China’s influence is growing in Laos, but the country’s foreign relations present a more complex picture.

On China’s Doorstep, Laos Plays a Careful Game of Balancing

Concrete pylons belonging to the Laos-China railway outside the Lao capital Vientiane, November 12, 2018.

Credit: Sebastian Strangio

Recent years have witnessed much concern about the expanding scale of China’s influence within Laos. Almost half of Laos’ total public debt is now held by China. The Chinese state-owned company China Southern Power Grid now holds a controlling stake in Laos’ national power grid, and in December this year, the highly contentious Lao-China high-speed railway is scheduled to begin operating.

This year also marks the 60th anniversary of diplomatic relations between China and Laos and, with the recent appointment of Khemmani Pholsena to Minister of the Presidential Office, the anniversary year will also likely see a further strengthening of political ties between the two countries.

According to a 2017 media release from China’s Ministry of Foreign Affairs, “the Pholsena family is China’s good friend and old friend,” and several family members attended the same school – the Beijing Bayi School – as President Xi Jinping.

Laos’ party system is interwoven with powerful elite families that jostle to shape political and economic policy, and when Xi Jinping traveled to Vientiane in 2017 he spent time with Khemmani and her family.

While it seems that concerns regarding China’s influence in Laos are well-founded, it also bears emphasizing that Laos has an impressive track-record when it comes to balancing the interests of competing diplomatic partners.

China is a critically important partner for Laos, but it is by no means its only partner. Political, economic and cultural ties to a number of other countries continue to shape Laos’ international affairs.

Development Aid

Beginning with bilateral aid funding, Japan has long been Laos’ largest bilateral aid donor.
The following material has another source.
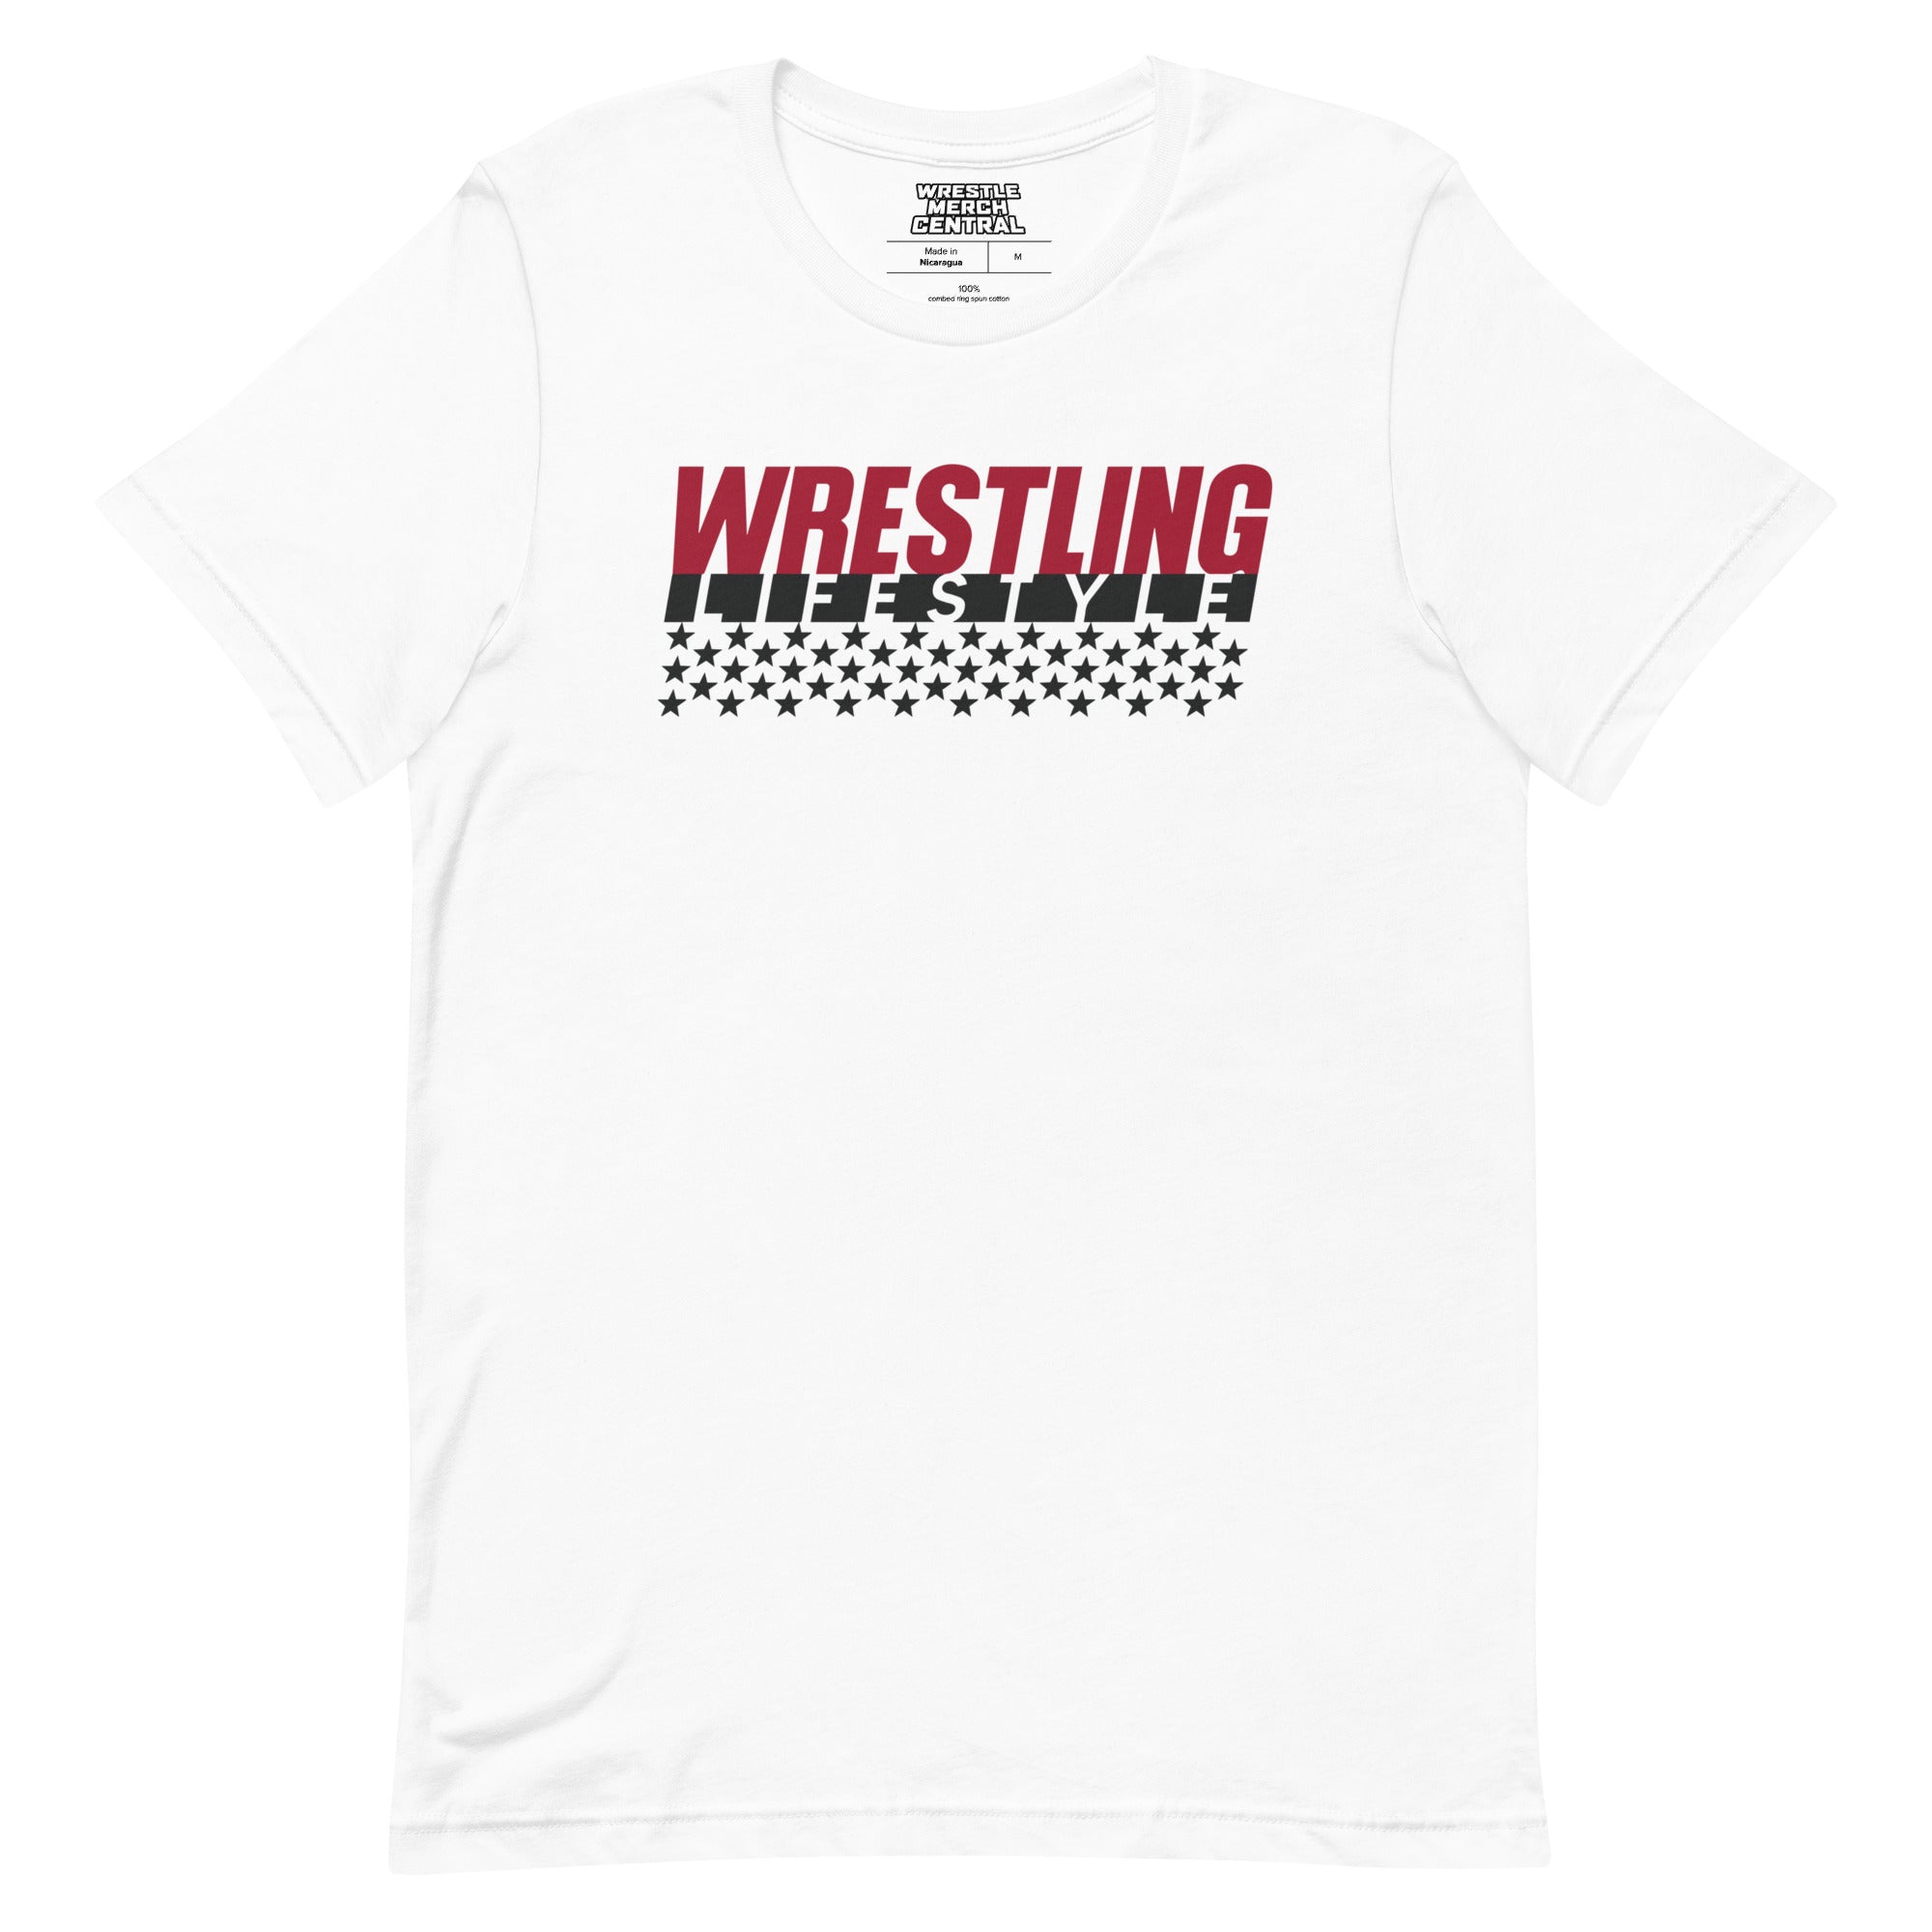 Let's Wrestle Wrestling Lifestyle Unisex T-Shirt

Japan is a well-respected donor that has delivered projects of a high standard across multiple sectors.

Laos’ second largest bilateral aid donor is South Korea, with South Korean aid increasing significantly over the past decade. As a member of the OECD Development Assistance Committee (DAC), Seoul adheres to the same lending standards as other OECD donors regarding, for example, funding transparency, avoidance of tied aid, and the separation of Official Development Assistance (ODA) from Foreign Direct Investment (FDI) and Other Official Flows (OOFs). One point of distinction between South Korean aid and that of many other OECD donors has been financial support for urban development initiatives such as the beautification of Vientiane’s Mekong riverside Chao Anouvong Park.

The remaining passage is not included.